CV In Augmented Reality & Mixed Reality
Computer vision also plays an important role in augmented and mixed reality, the technology that enables computing devices such as smartphones, tablets and smart glasses to overlay and embed virtual objects on real world imagery. Using computer vision, AR gear detect objects in real world in order to determine the locations on a device’s display to place a virtual object. For instance, computer vision algorithms can help AR applications detect planes such as tabletops, walls and floors, a very important part of establishing depth and dimensions and placing virtual objects in physical world.
CV In Healthcare
Computer vision has also been an important part of advances in health-tech. Computer vision algorithms can help automate tasks such as detecting cancerous moles in skin images or finding symptoms in x-ray and MRI scans.
Challenges of Computer Vision
Helping computers to see turns out to be very hard.
Inventing a machine that sees like we do is a deceptively difficult task, not just because it’s hard to make computers do it, but because we’re not entirely sure how human vision works in the first place.

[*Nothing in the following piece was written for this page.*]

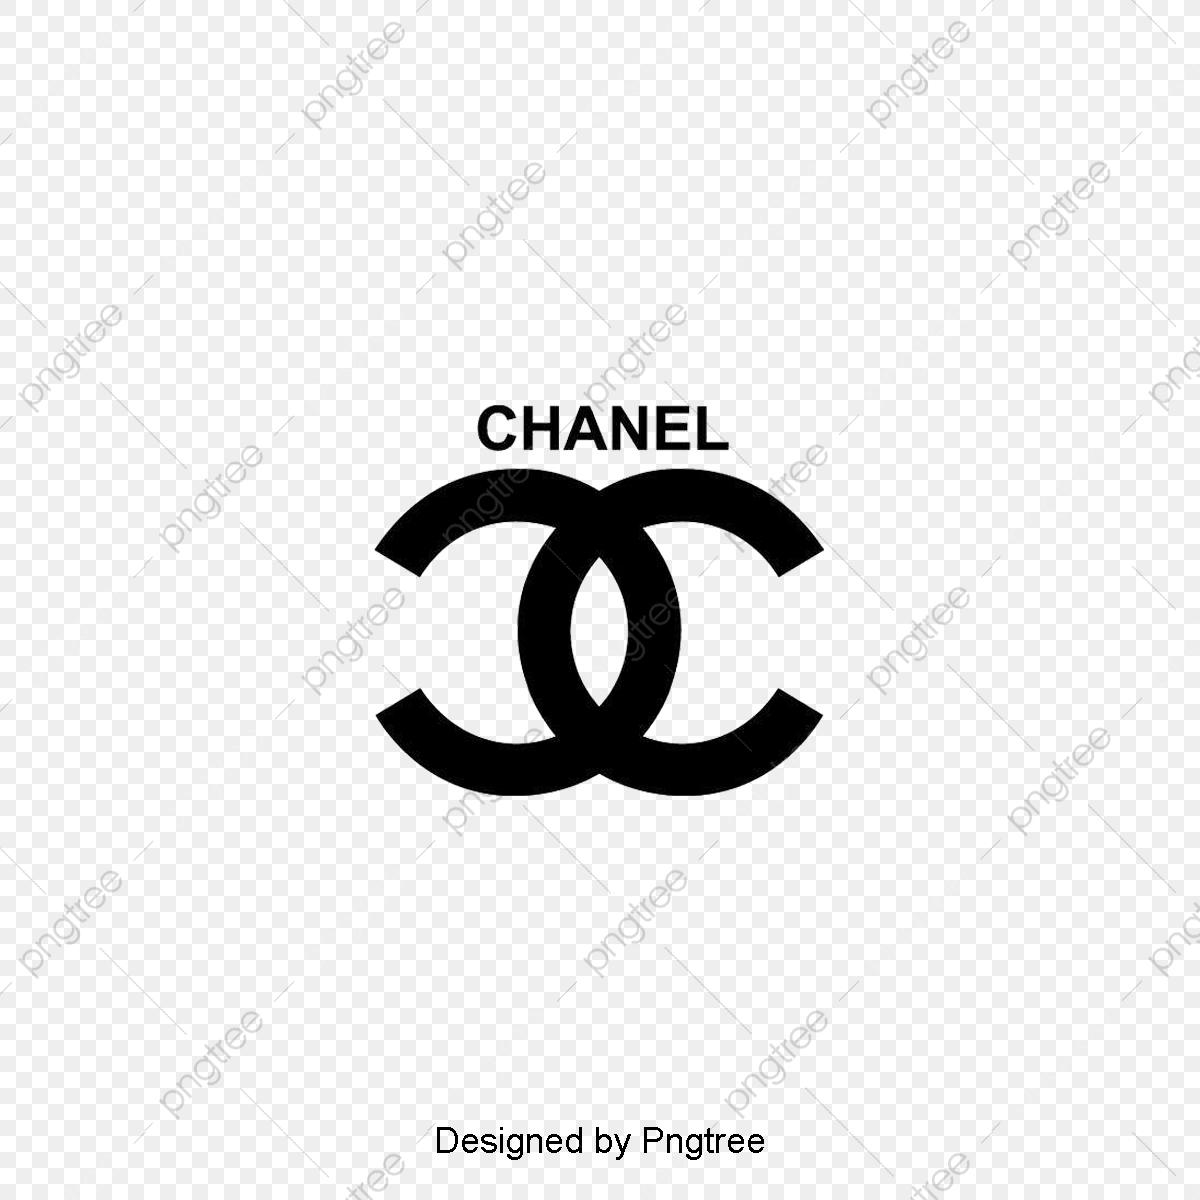 Chanel Logo Design, Chanel, Luxury, France Png Transparent Clipart Pluspng.com  - Chanel Logo PNG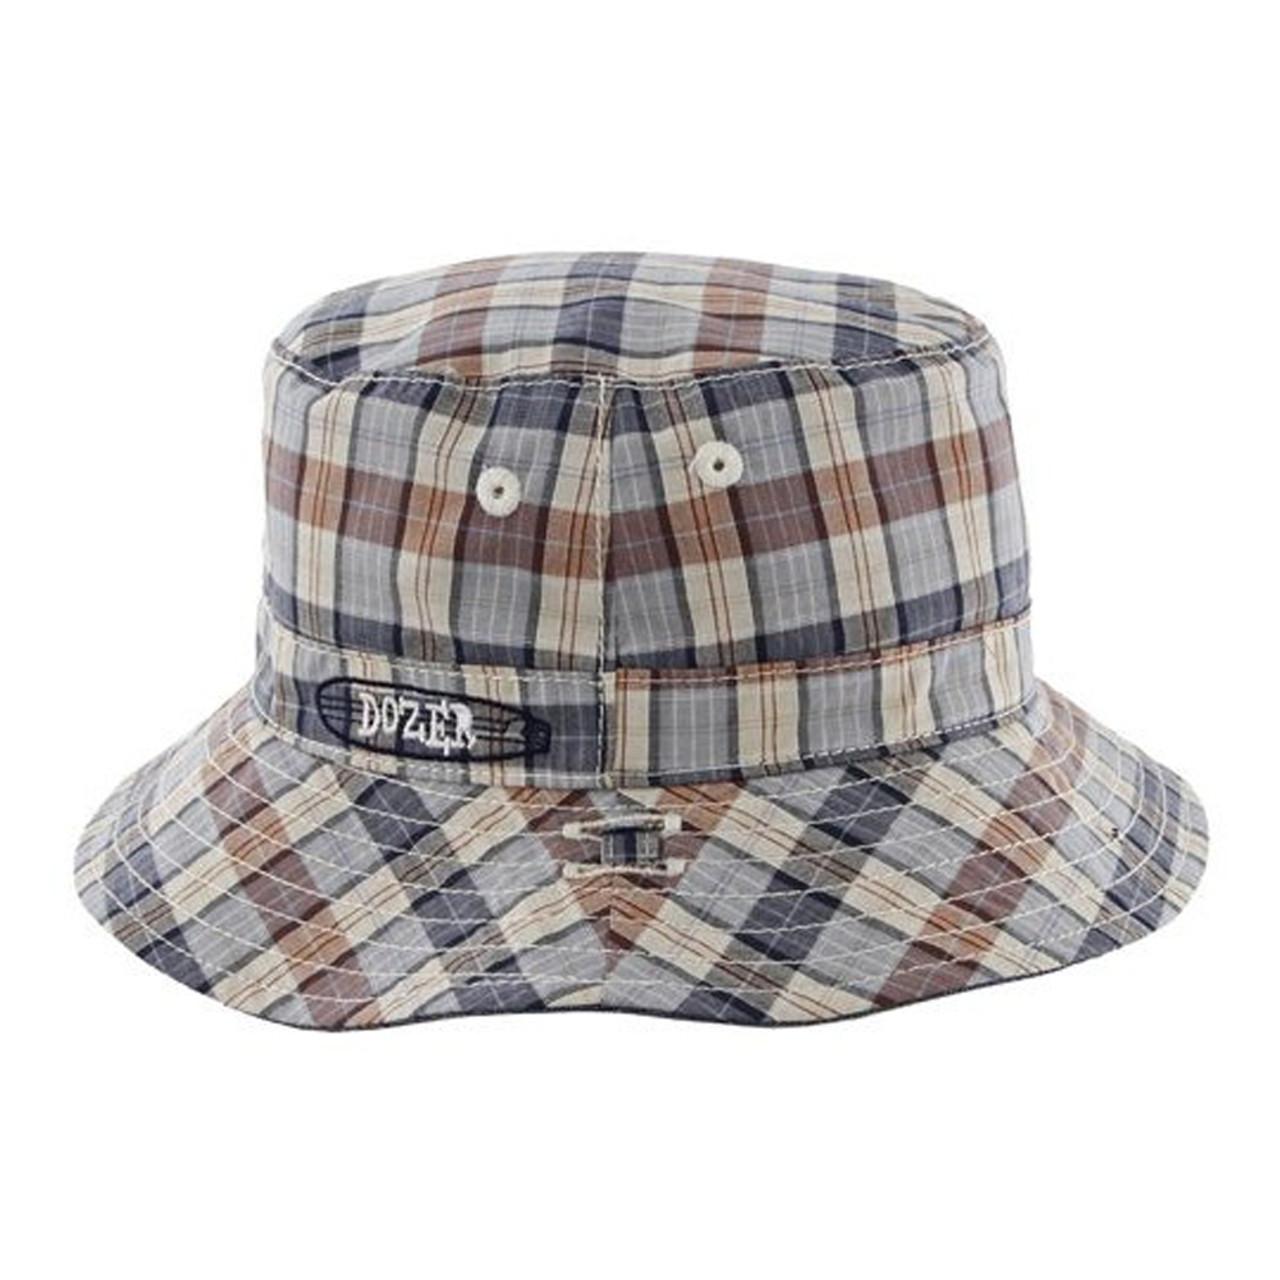 d265bd41bf8 Dozer Baby Boys Bucket Hat - Duke (SM) - Dear-Born Baby

Studying biological vision requires an understanding of the perception organs like the eyes, as well as the interpretation of the perception within the brain. Much progress has been made, both in charting the process and in terms of discovering the tricks and shortcuts used by the system, although like any study that involves the brain, there is a long way to go.
Many popular computer vision applications involve trying to recognize things in photographs; for example:
- Object Classification: What broad category of object is in this photograph?
- Object Identification: Which type of a given object is in this photograph?
- Object Verification: Is the object in the photograph?
- Object Detection: Where are the objects in the photograph?
- Object Landmark Detection: What are the key points for the object in the photograph?
- Object Segmentation: What pixels belong to the object in the image?
- Object Recognition: What objects are in this photograph and where are they?
Outside of just recognition, other methods of analysis include:
- Video motion analysis uses computer vision to estimate the velocity of objects in a video, or the camera itself.
- In image segmentation, algorithms partition images into multiple sets of views.
- Scene reconstruction creates a 3D model of a scene inputted through images or video.
- In image restoration, noise such as blurring is removed from photos using Machine Learning based filters.
Any other application that involves understanding pixels through software can safely be labeled as computer vision.
Conclusion
Despite the recent progress, which has been impressive, we’re still not even close to solving computer vision. However, there are already multiple healthcare institutions and enterprises that have found ways to apply CV systems, powered by CNNs, to real-world problems. And this trend is not likely to stop anytime soon.